Using the equations R(x)=-x^2+400x and C(x)=x^2+40x+100, find the Maximum Revenue
P(x) = R(x) - C(x)
P(x) =-x^2 +400x -x^2 -40x -100
P(x) -2x^2 + 360x -100
P'(x) = -2x +360
solve for x
0 = -2x + 360
P(x) = R(x) - C(x)
P(x) =-x^2 +400x -x^2 -40x -100
P(x) -2x^2 + 360x -100
P'(x) = -4x +360
solve for x
0 = -4x + 360
R'(x ) -2x + 400
0 = -2x + 400
2x = 400
x = 200
R(200) = -(200)^2 + 400(200)
-40000 + 80000 = 40000
To find the maximum revenue, we need to determine the value of x that maximizes the revenue function.
The revenue function, R(x), is given by R(x) = -x^2 + 400x, where x represents the quantity of the item being sold.
To find the maximum revenue, we can use calculus. We need to take the derivative of R(x) and set it equal to zero to find the critical points.

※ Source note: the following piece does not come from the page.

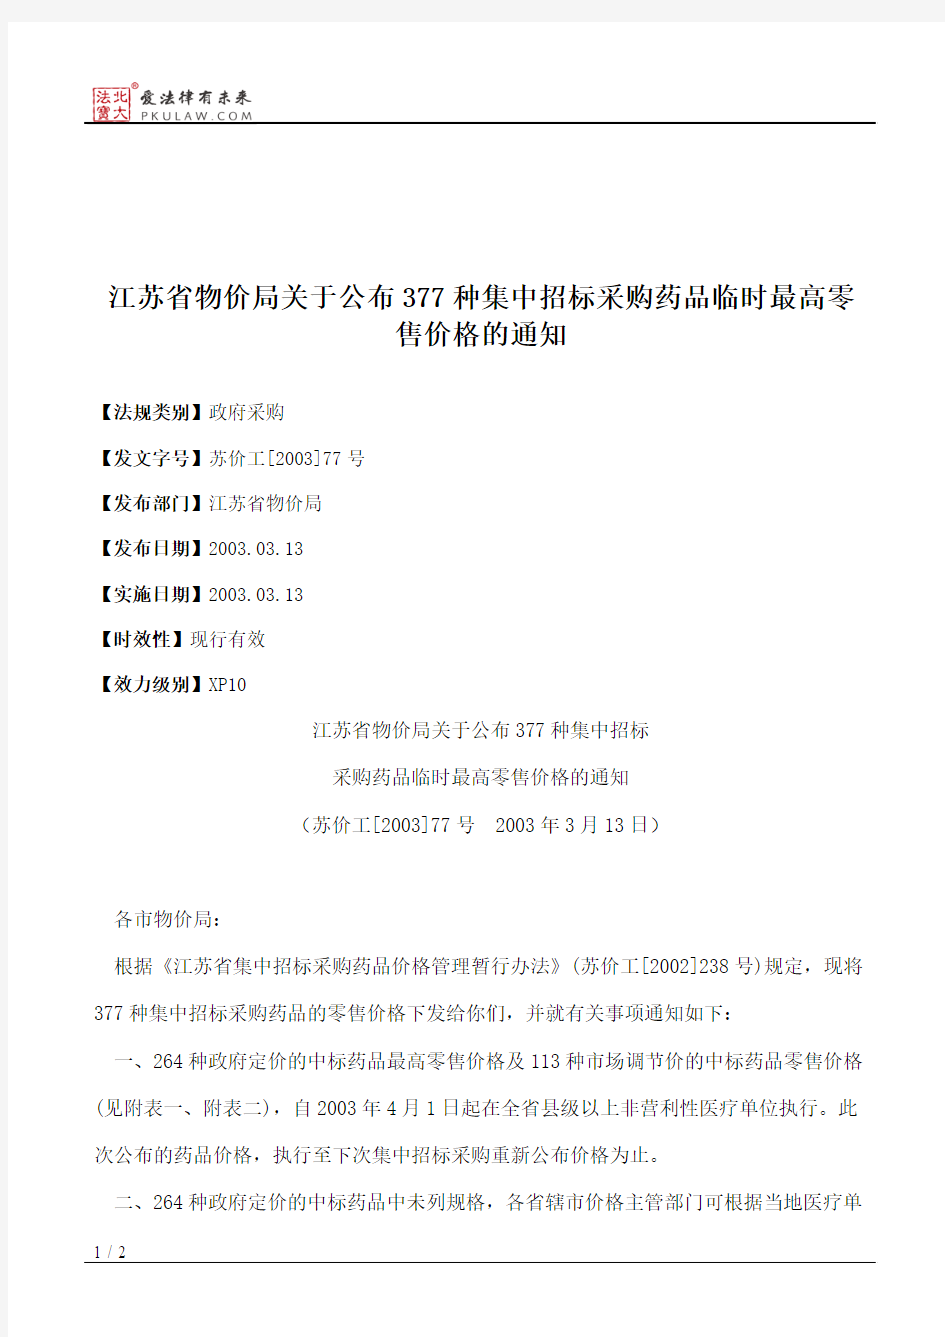 江苏省物价局关于公布377种集中招标采购药品临时最高零售价格的通知

Then, we can determine the second derivative at those critical points to check for the maximum.
1. Find the derivative of R(x):
R'(x) = -2x + 400
2. Set the derivative equal to zero:
-2x + 400 = 0
-2x = -400
x = 200
So, x = 200 is a critical point.
3. Determine the second derivative of R(x):
R''(x) = -2
4. Substitute the critical point (x = 200) into the second derivative:
R''(200) = -2
Since the second derivative is negative, this indicates that x = 200 is a local maximum.
Now, let's calculate the maximum revenue.
Plug the critical point (x = 200) into the revenue function R(x):
R(200) = -(200)^2 + 400(200)
R(200) = -40000 + 80000
R(200) = 40000
Therefore, the maximum revenue is $40,000.